▶ [Information supplied]:
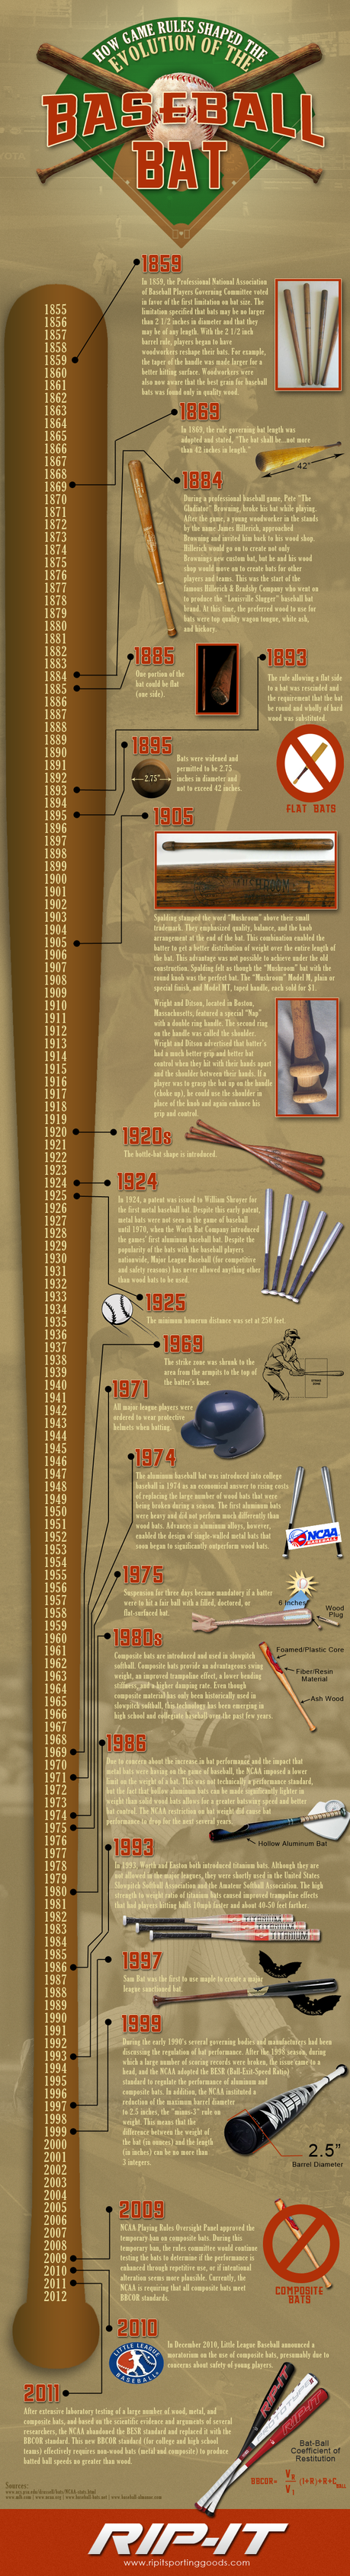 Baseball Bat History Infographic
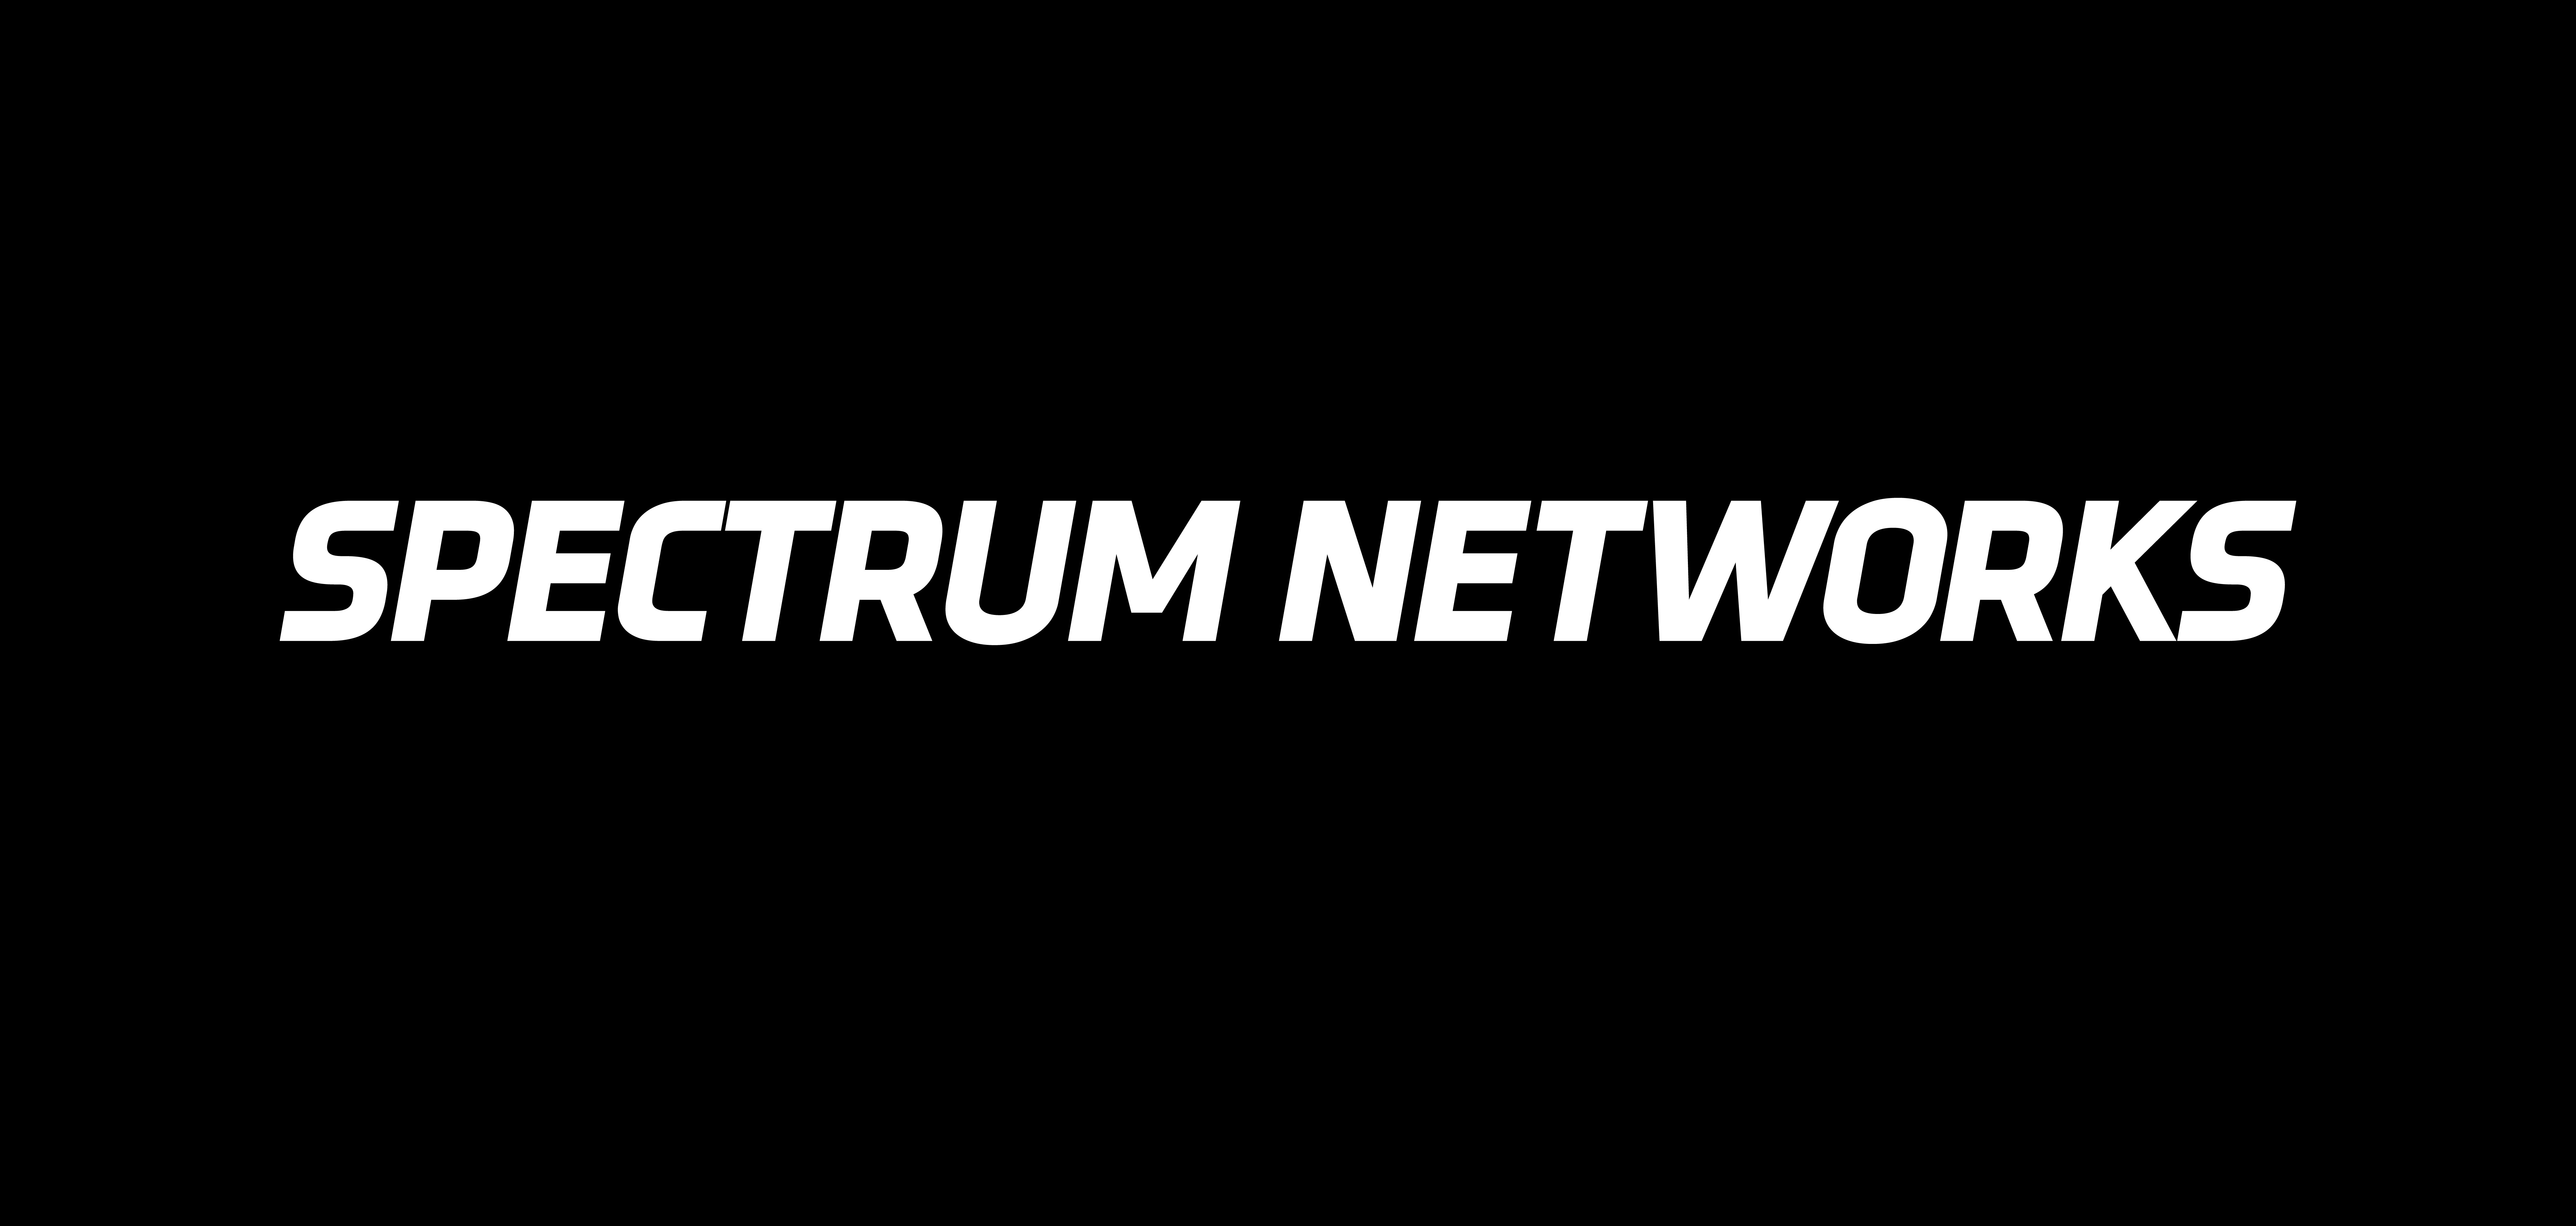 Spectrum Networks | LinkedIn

--

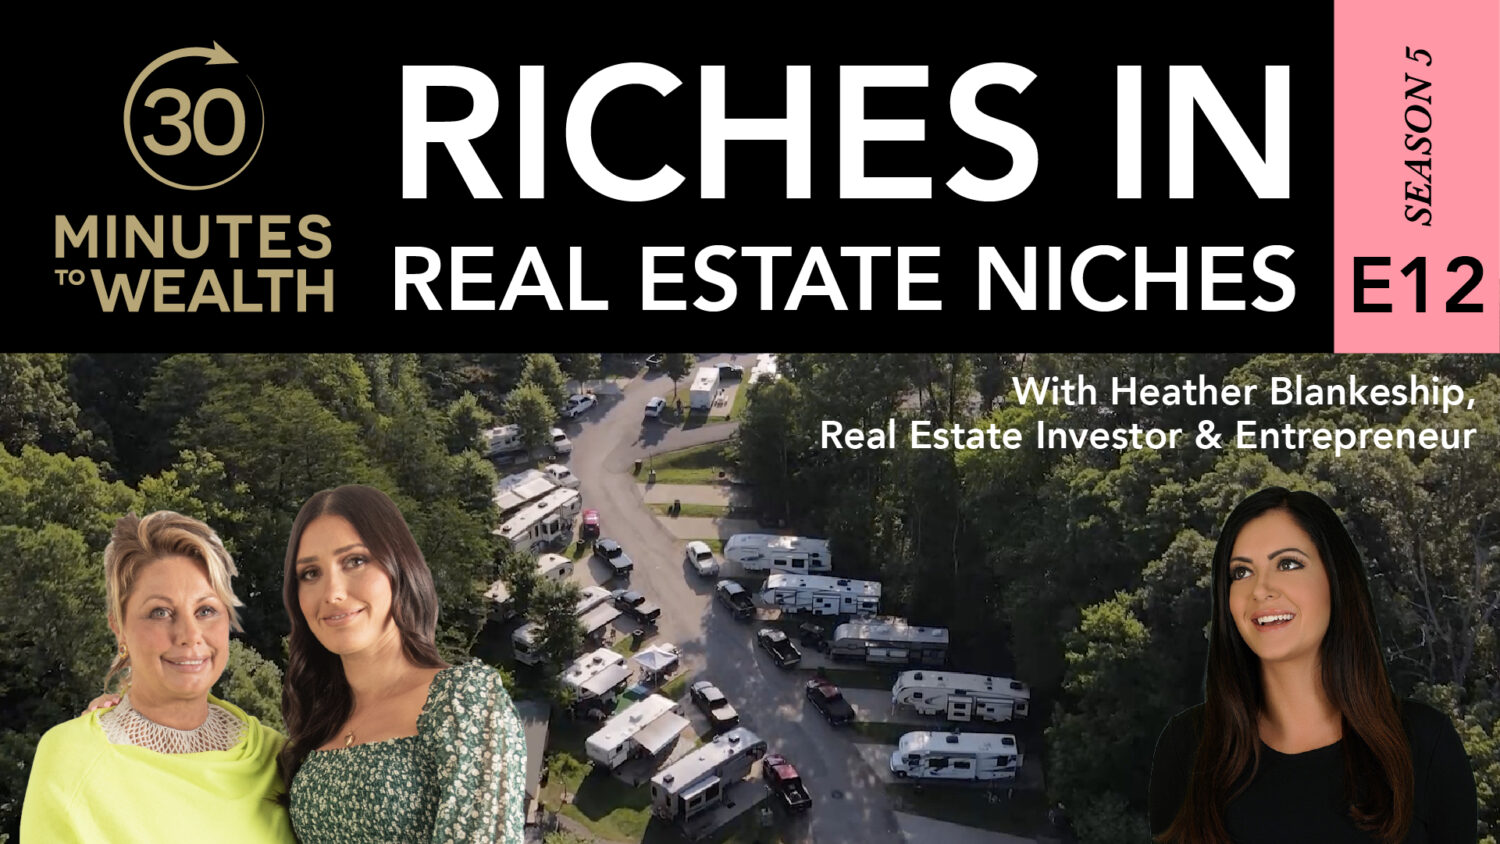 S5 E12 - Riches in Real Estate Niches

▶ [What you will do]:
Your copy should hold the lines from the one with "Baseball Bat History Infographic" up to and including the one with "Spectrum Networks | LinkedIn", exactly as in the data above, and no pictures.

▶ [Result of this task]:
 Baseball Bat History Infographic
 Spectrum Networks | LinkedIn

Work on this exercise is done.